Ruben Van de Velde (Nov 21 2023 at 17:29):

mul_le_of_le_one_left needs an inequality of ENNReals here, but h0 is about NNReals

Rémy Degenne (Nov 21 2023 at 17:33):

You can solve many of those coercion issues with norm_cast or exact_mod_cast:

import Mathlib

open MeasureTheory
open ProbabilityMeasure
open NNReal

variable {Ω : Type u1} [MeasurableSpace Ω]
variable {μ : Measure Ω} [IsProbabilityMeasure μ]
variable {s₁ s₂ : Set Ω}
variable (a : NNReal)

#check (μ s₁)
#check a

example (h0: a  1) (h1 : s₁  s₂) : a * μ s₁  μ s₂ := by
  have h2 : μ s₁  μ s₂ := by
    exact measure_mono h1
  have h3 : 0  μ s₁ := by
    exact zero_le (μ s₁)
  have h4 : a * μ s₁  μ s₁ := by
    refine mul_le_of_le_one_left h3 ?_
    exact_mod_cast h0 -- or `norm_cast`
  sorry

Rémy Degenne (Nov 21 2023 at 17:35):

But if you can avoid coercions, do it. You could have a : ENNReal, since values of measures are in ENNReal.

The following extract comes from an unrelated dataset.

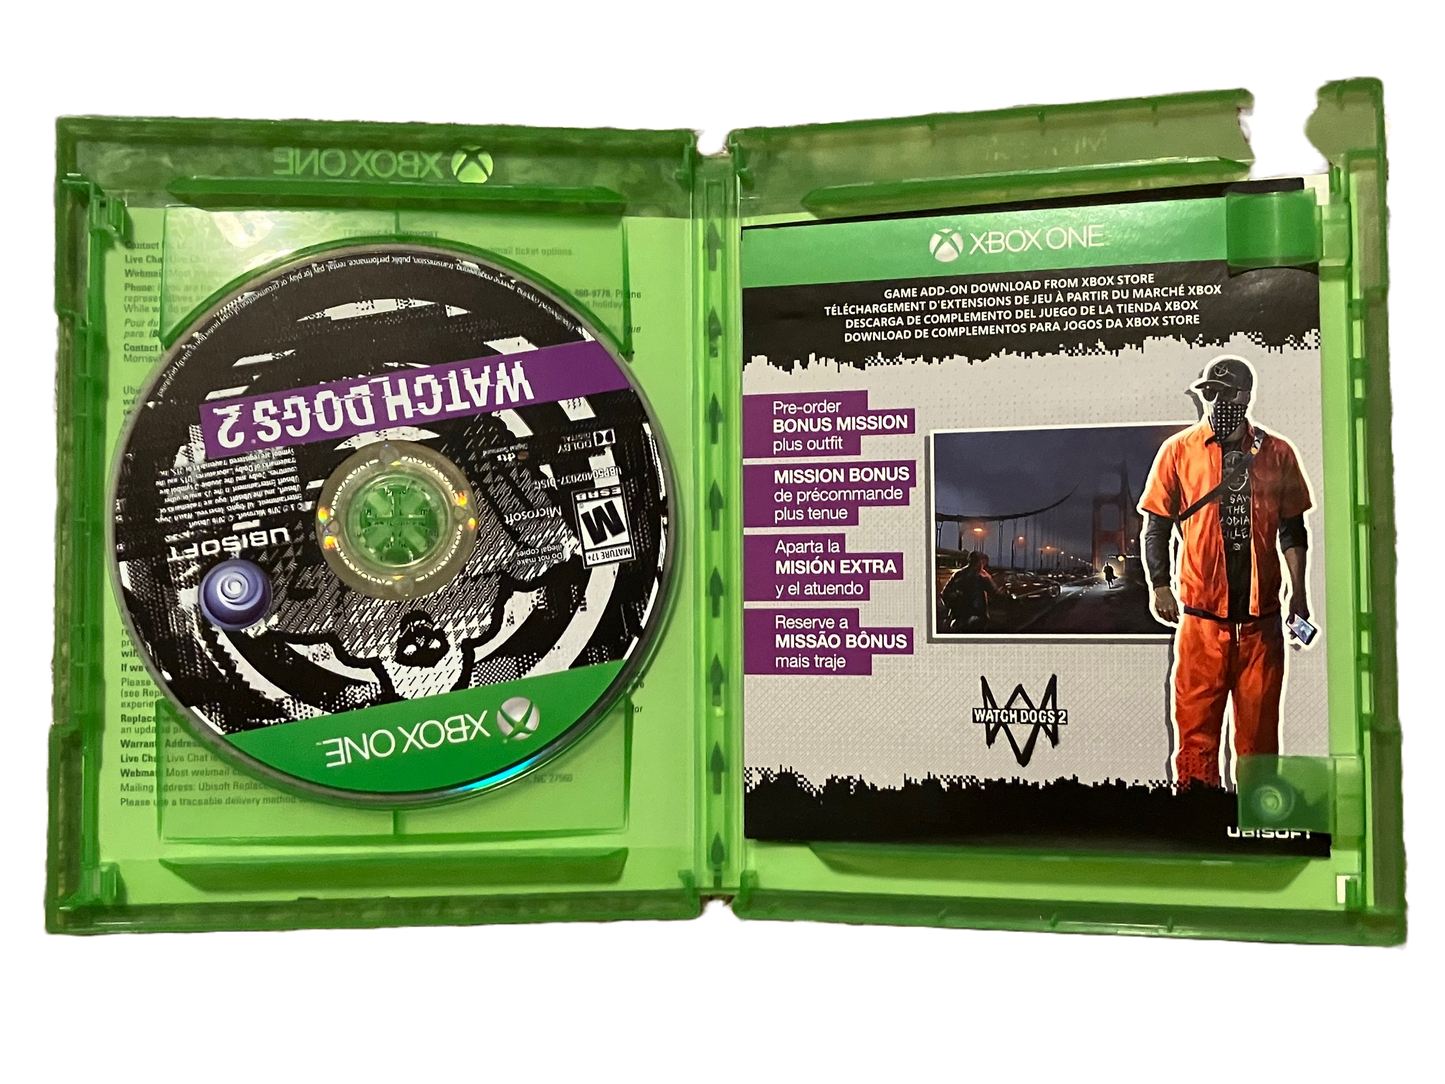 Watch Dogs 2 Xbox One Game

Michael Kane (Nov 21 2023 at 17:49):

OK, now how do I finish the example? I have h4 and h2 implies the result. Is there a tactic or function for that?

Kevin Buzzard (Nov 21 2023 at 17:52):

linarith?

Rémy Degenne (Nov 21 2023 at 17:52):

You want to apply transitivity of : you can write exact le_trans h4 h2, or exact h4.trans h2.

Rémy Degenne (Nov 21 2023 at 17:52):

linarith does not like ENNReal and fails here

Rémy Degenne (Nov 21 2023 at 17:55):

I feel like it's a good opportunity to introduce calc proofs:

example (h0: a  1) (h1 : s₁  s₂) : a * μ s₁  μ s₂ := by
  calc a * μ s₁  μ s₁ := mul_le_of_le_one_left (zero_le (μ s₁)) h0
  _  μ s₂ := measure_mono h1

Rémy Degenne (Nov 21 2023 at 17:56):

docs#calc

Michael Kane (Nov 21 2023 at 17:58):

What does the underscore denote here?

Rémy Degenne (Nov 21 2023 at 18:00):

According to the doc at docs#calc, "Instead of repeating the right-hand sides, subsequent left-hand sides can be replaced with _."
That underscore is just shorthand for the right-hand side of the previous step.

Michael Kane (Nov 21 2023 at 18:01):

Nevermind, I see it's the placeholder for the left side of the inequality. Thanks again.